Вот с каким величайшим и блаженнейшим событием сравнил наконец о. Серафим иноческий постриг — с воплощением Самого Бога в утробе Девы… Даже сказать страшно. Но батюшка говорил с опыта.
Монашество нужно почитать и мирским людям и сердцем и делом, и таким образом хоть несколько быть сопричастником иноческой благодати через других: для этого батюшка советовал давать в монастыри милостыню или поработать самому. И наоборот, обижание монашествующих, — учил он, — строго будет наказано Господом.
Иван Семенович Мелюков, брат чудной святой угодницы Марии, о коей речь впереди, будучи к концу своей жизни монахом в Сарове, на послушании привратника, рассказывал:
“Будучи еще мирским крестьянином, я часто работал у батюшки Серафима. И много, много чудного он мне предсказал о Дивееве. И всегда говорил: “Если кто моих сирот-девушек обидит, тот велие получит от Господа наказание, а кто заступится за них и в нужде защитит и поможет, изольется на того велия милость Божия свыше. Кто даже сердцем воздохнет да пожалеет их, и того Господь наградит. И скажу тебе, батюшка, помни: “Счастлив всяк, кто у убогого Серафима в Дивееве пробудет сутки, от утра и до утра: а Матерь Божия, Царица Небесная, каждые сутки посещает Дивеево!”

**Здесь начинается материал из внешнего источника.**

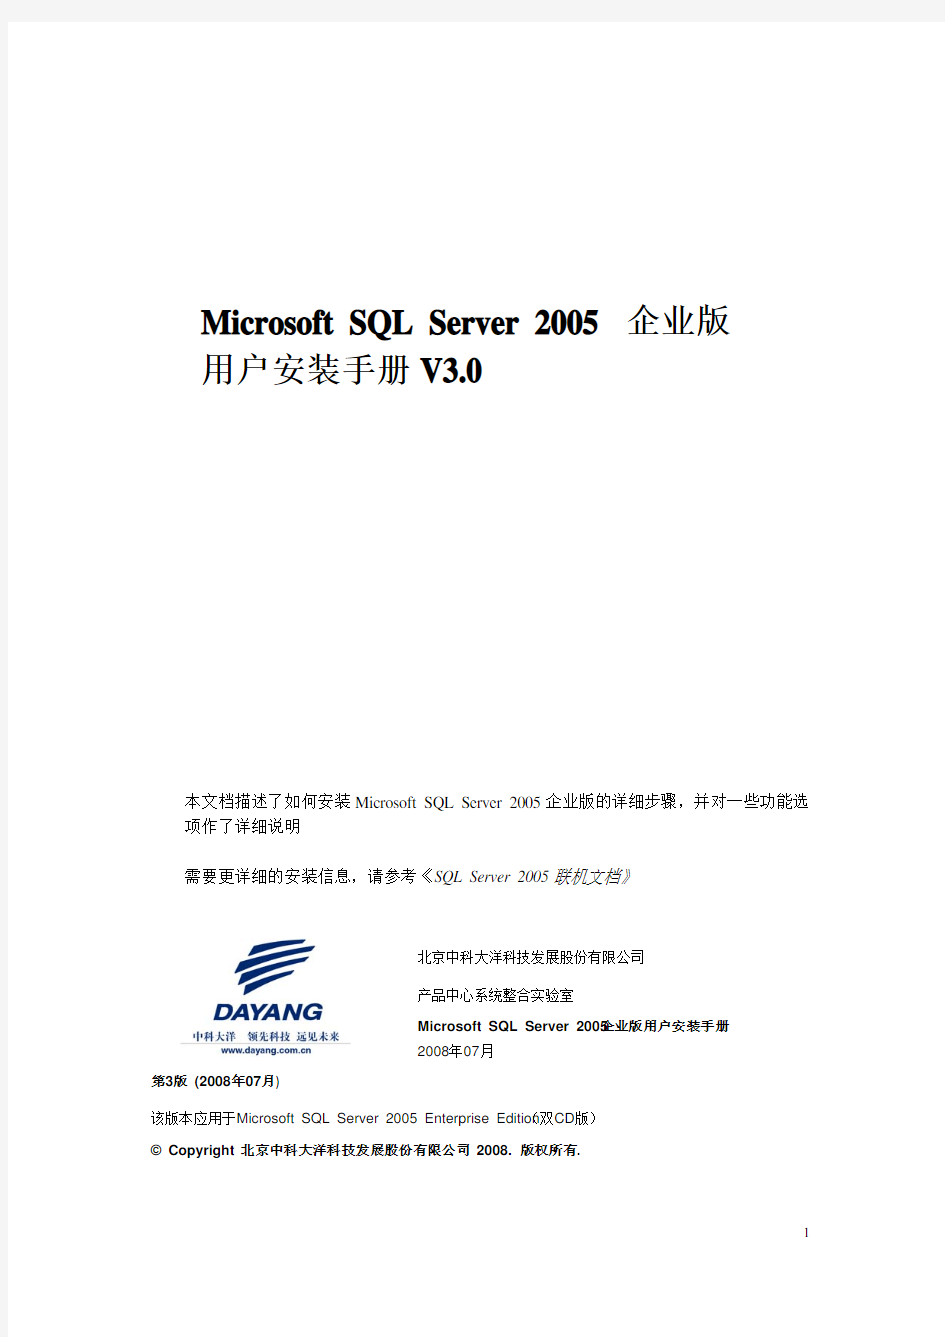 Microsoft SQL Server 2005 企业版用户安装手册(第三版)
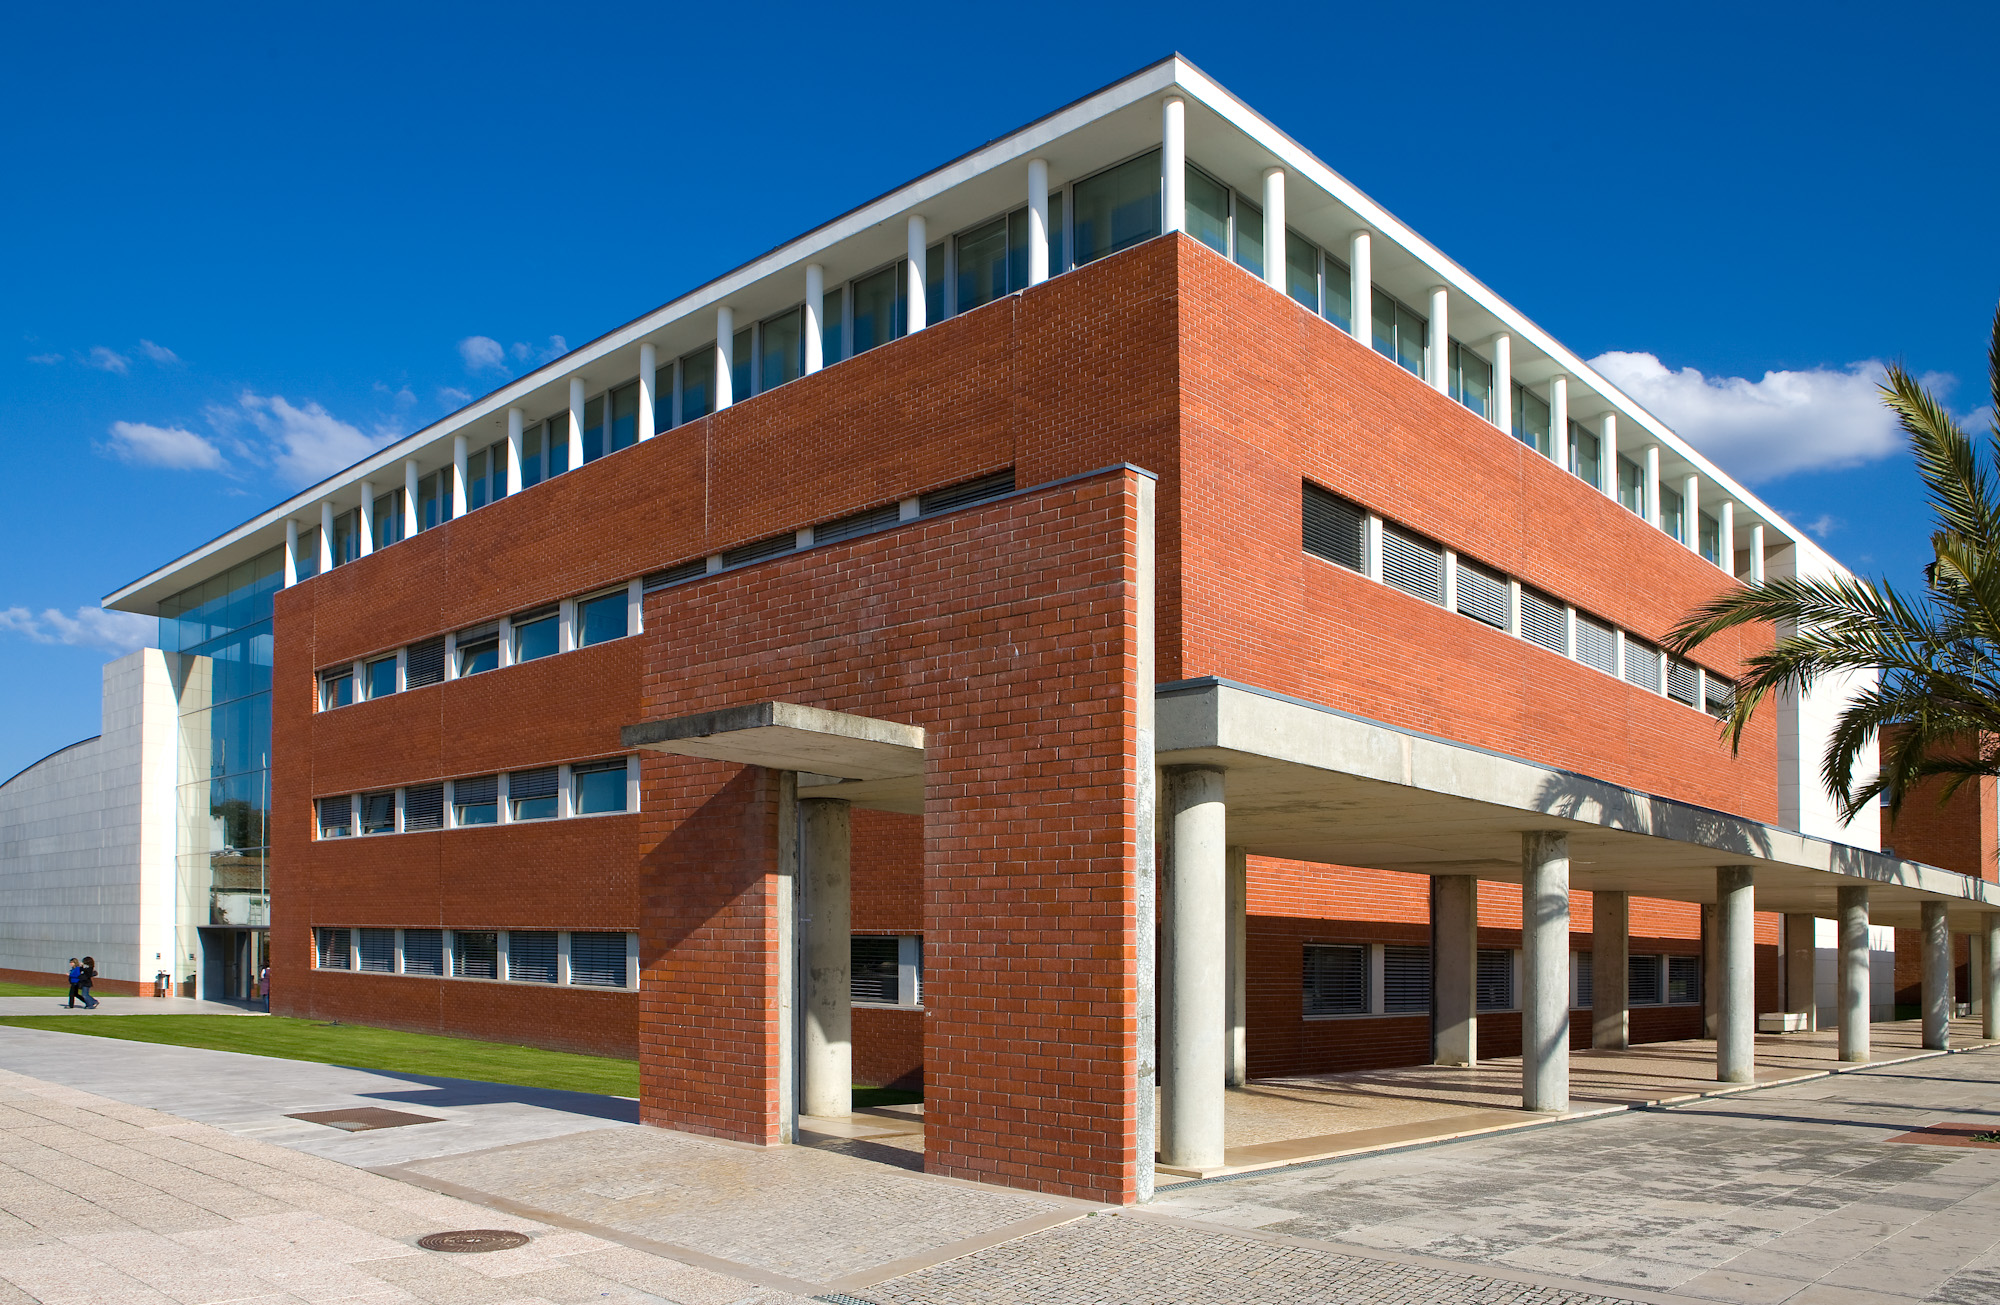 Universidade de Aveiro

А сами иночествующие за добро должны воздавать только молитвами, и даже удивительно, батюшка не велел и благодарить за дары:
— Молитесь, молитесь паче всего за творящего вам благо, — наставлял он сирот своих, — но никогда, никогда словами его (благодетеля) не благодарите, потому что без благодарности он полную и всю мзду и награду за добро свое получит; благодарением же вы за благо вам скрадываете его, лишая его большей части, заслуженной добродетелью его, награды. Кто приносил дар, приносит его не вам, а Богу: не вам его и благодарить, а да возблагодарит он сам Господа, что Господь примет его дар.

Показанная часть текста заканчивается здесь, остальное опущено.